Spicy Sausage Casserole

My parents live in France. And if there’s one thing I’ve learned it’s that the French make amazing sausages. They are just so meaty!

This has the downside of making them reasonably high in fat. BUT they are low in everything else – carbohydrates (because they rarely add any filler), preservatives and all sorts of rubbish you will often find in UK versions (especially supermarket ones). They’re also high on taste, which is fine by me.

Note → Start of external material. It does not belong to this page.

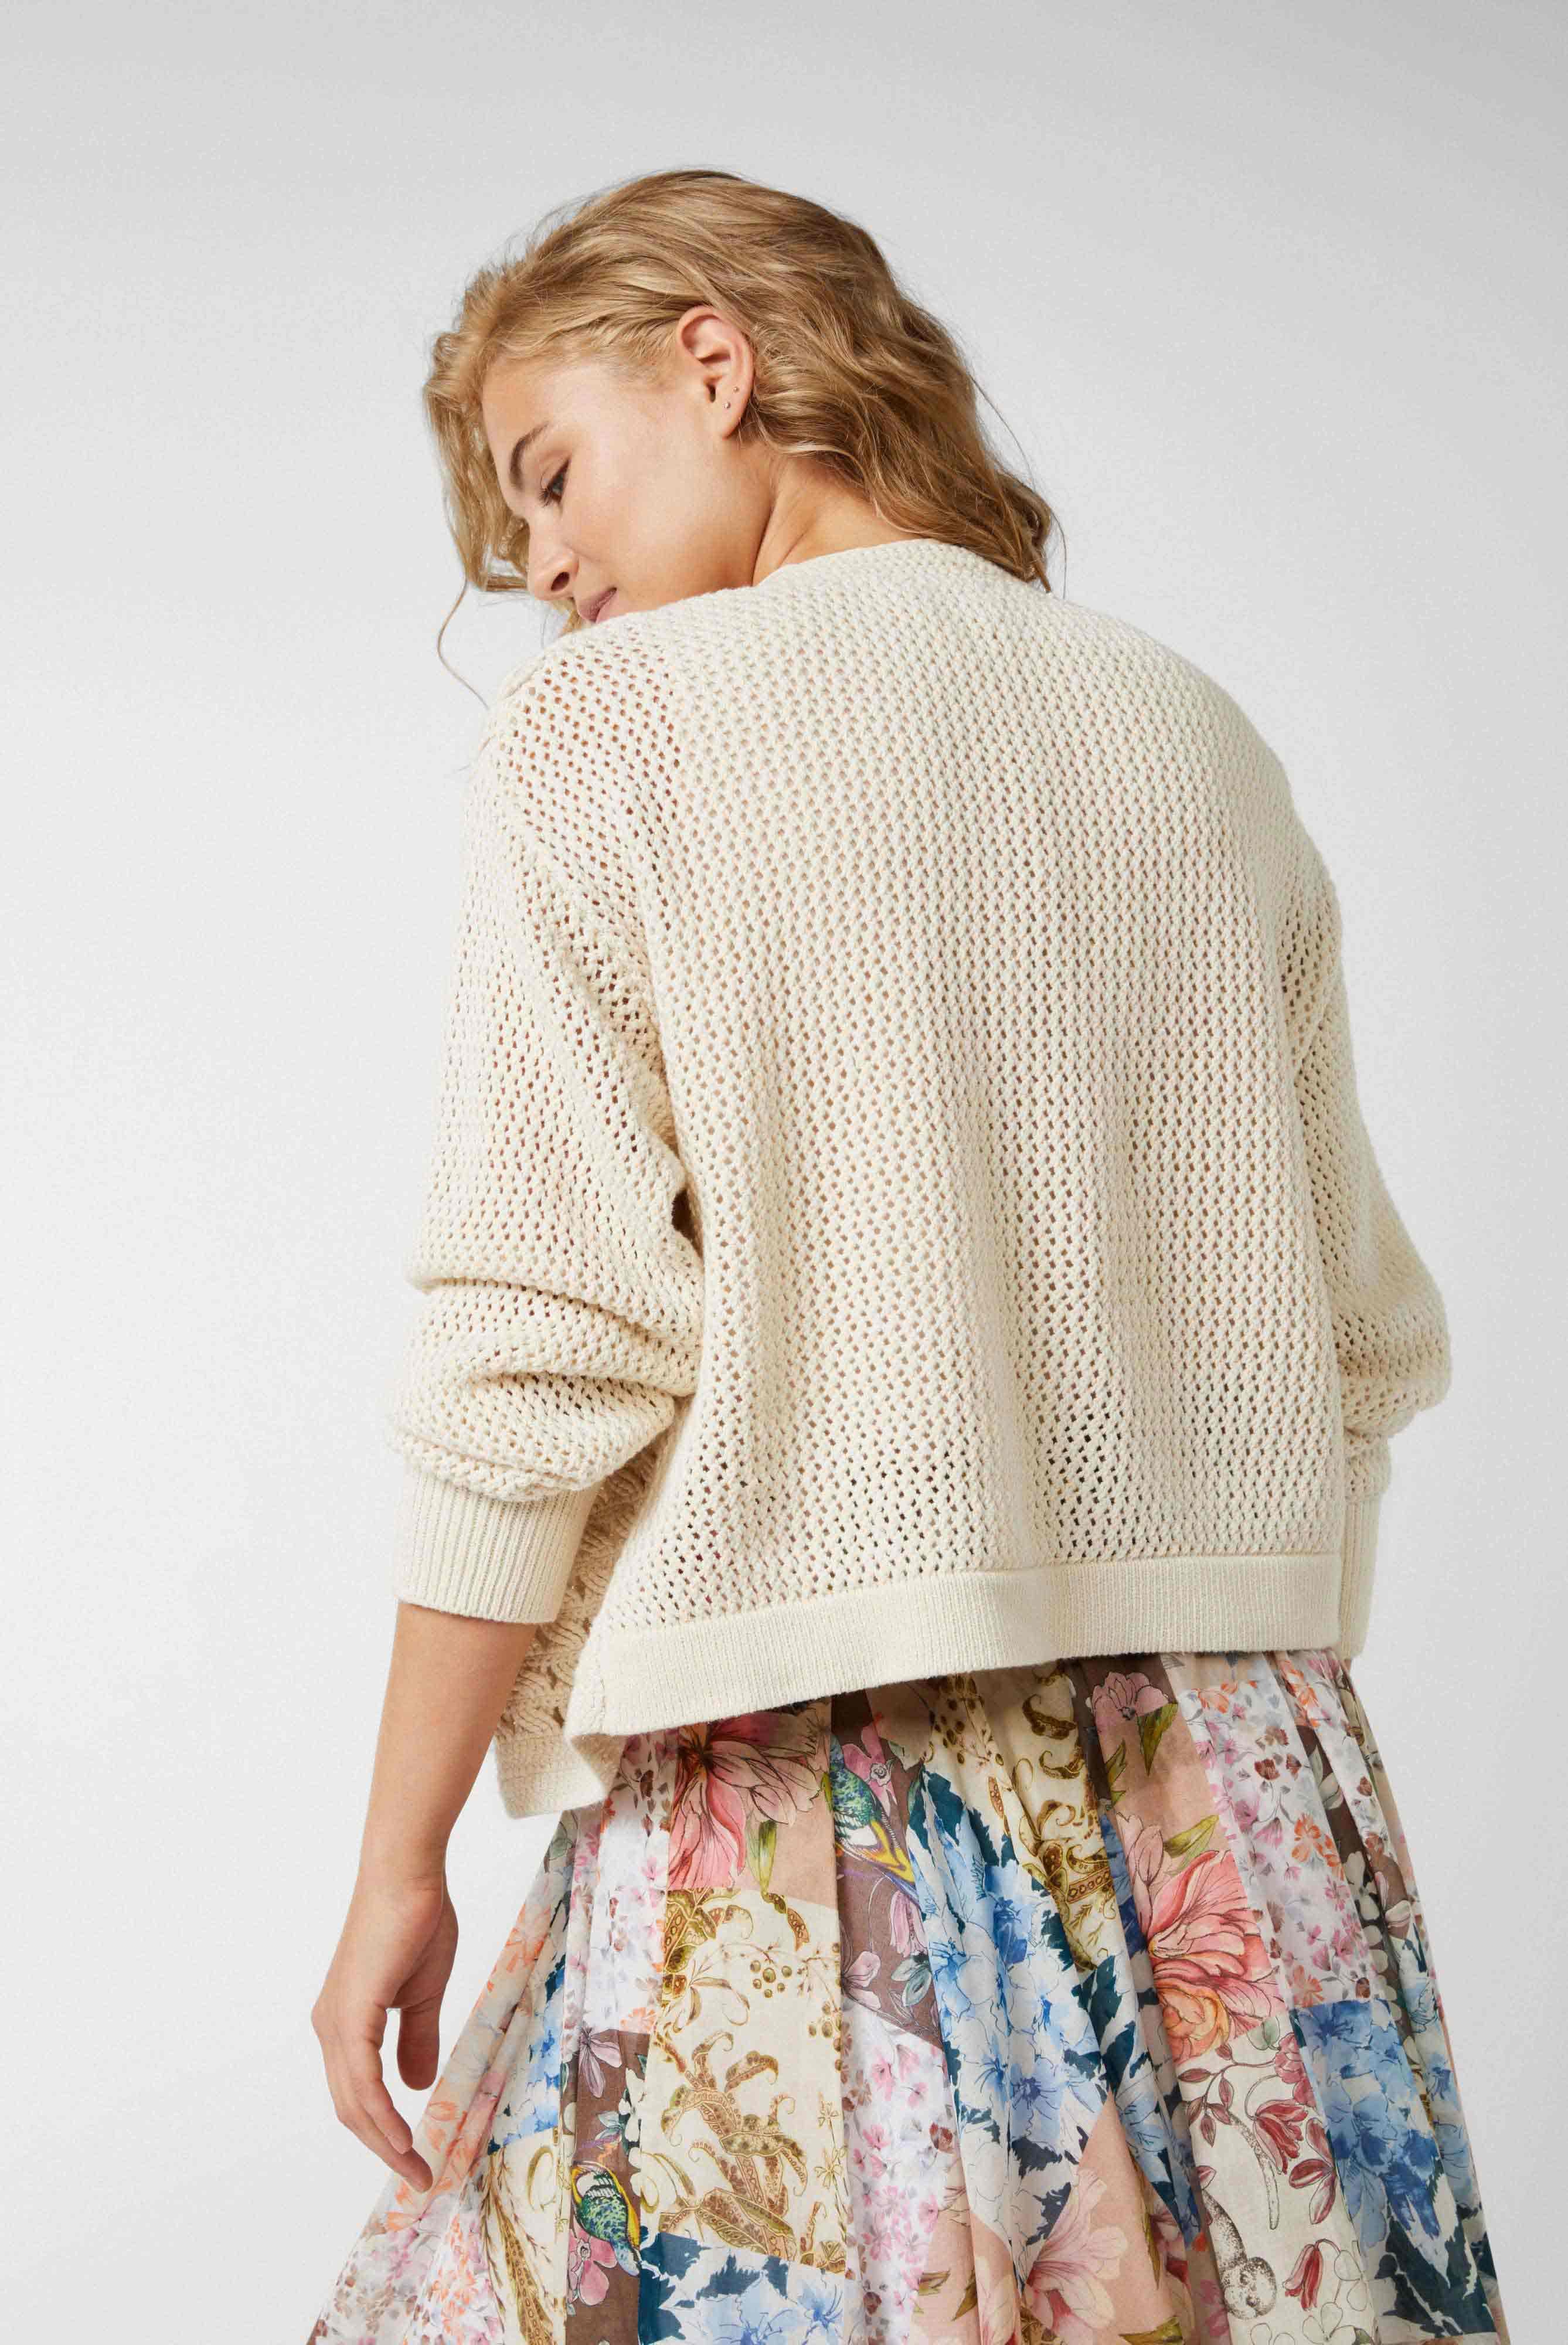 Sweaters & Cardigans+Hand-knitted crochet cardigan with long sleeves and a relaxed fit made from beige organic cotton+09.9931..S00200.120.XS
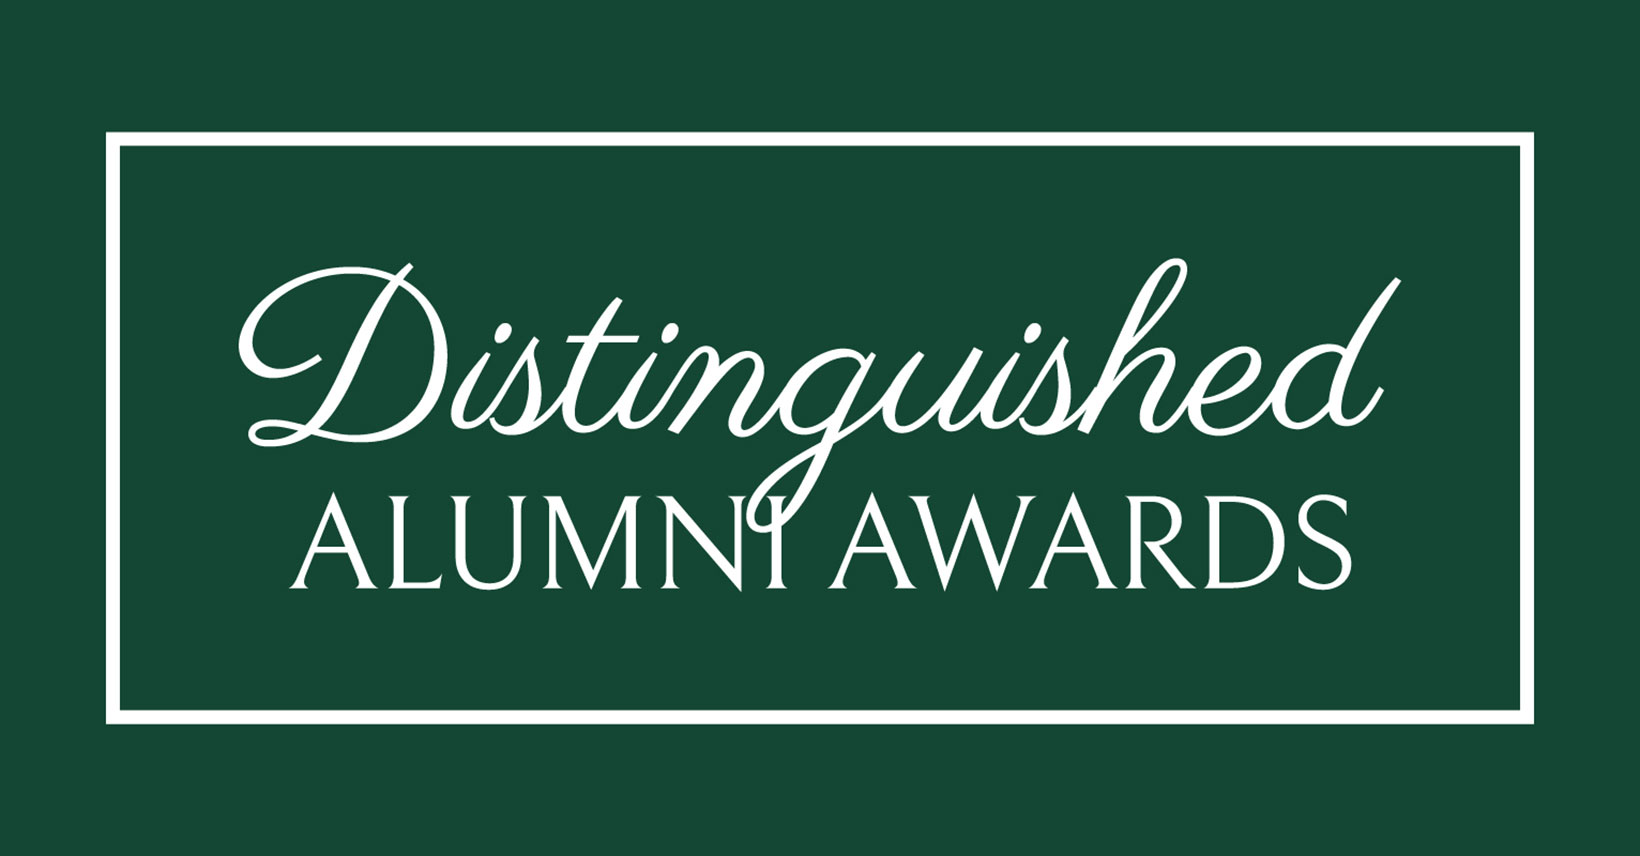 Eight to receive Distinguished Alumni Awards from UWParkside

This is therefore one of my higher Syn meals. But in true Leia-style I have already found a lower Syn alternative too 🙂

Serves 4 – 7 Syns per portion (depending on brand of sausages used)

Ingredients

  • Frylight
  • 1 large onion, chopped
  • 3 garlic cloves, chopped
  • 400g Merguez Sausages, chopped into several pieces
  • 1 red pepper, chopped
  • 3 large carrots, sliced into diagonal rounds
  • 200ml water
  • 1 tin cannellini beans
  • 1 tin red kidney beans
  • 1 tin black beans
  • 1 tin chopped tomatoes
  • 1 tin passata
  • 2 tbsp smoked paprika
  • 1 tbsp oregano
  • 1 tsp dried chilli flakes
  • 1 tsp garlic granules

Method

  1. Spray a large wok or crockpot with Frylight and soften the onion and garlic
  2. Add the sausages, peppers and carrot and continue to fry off until the sausages are cooked
  3. Add the water and simmer on a low heat until this is absorbed by the carrots
  4. Add the beans, tomatoes, passata, herbs and spices and mix well
  5. Simmer for 20-30 minutes or until reduced to a thick casserole
  6. Serve with your choice of speed foods (pictured with butternut squash chips and babyleaf spinach)

Variation

Use 2 packs of Heck Paprika Chicken Sausages (20) to reduce the Syns to 2.5 per portion!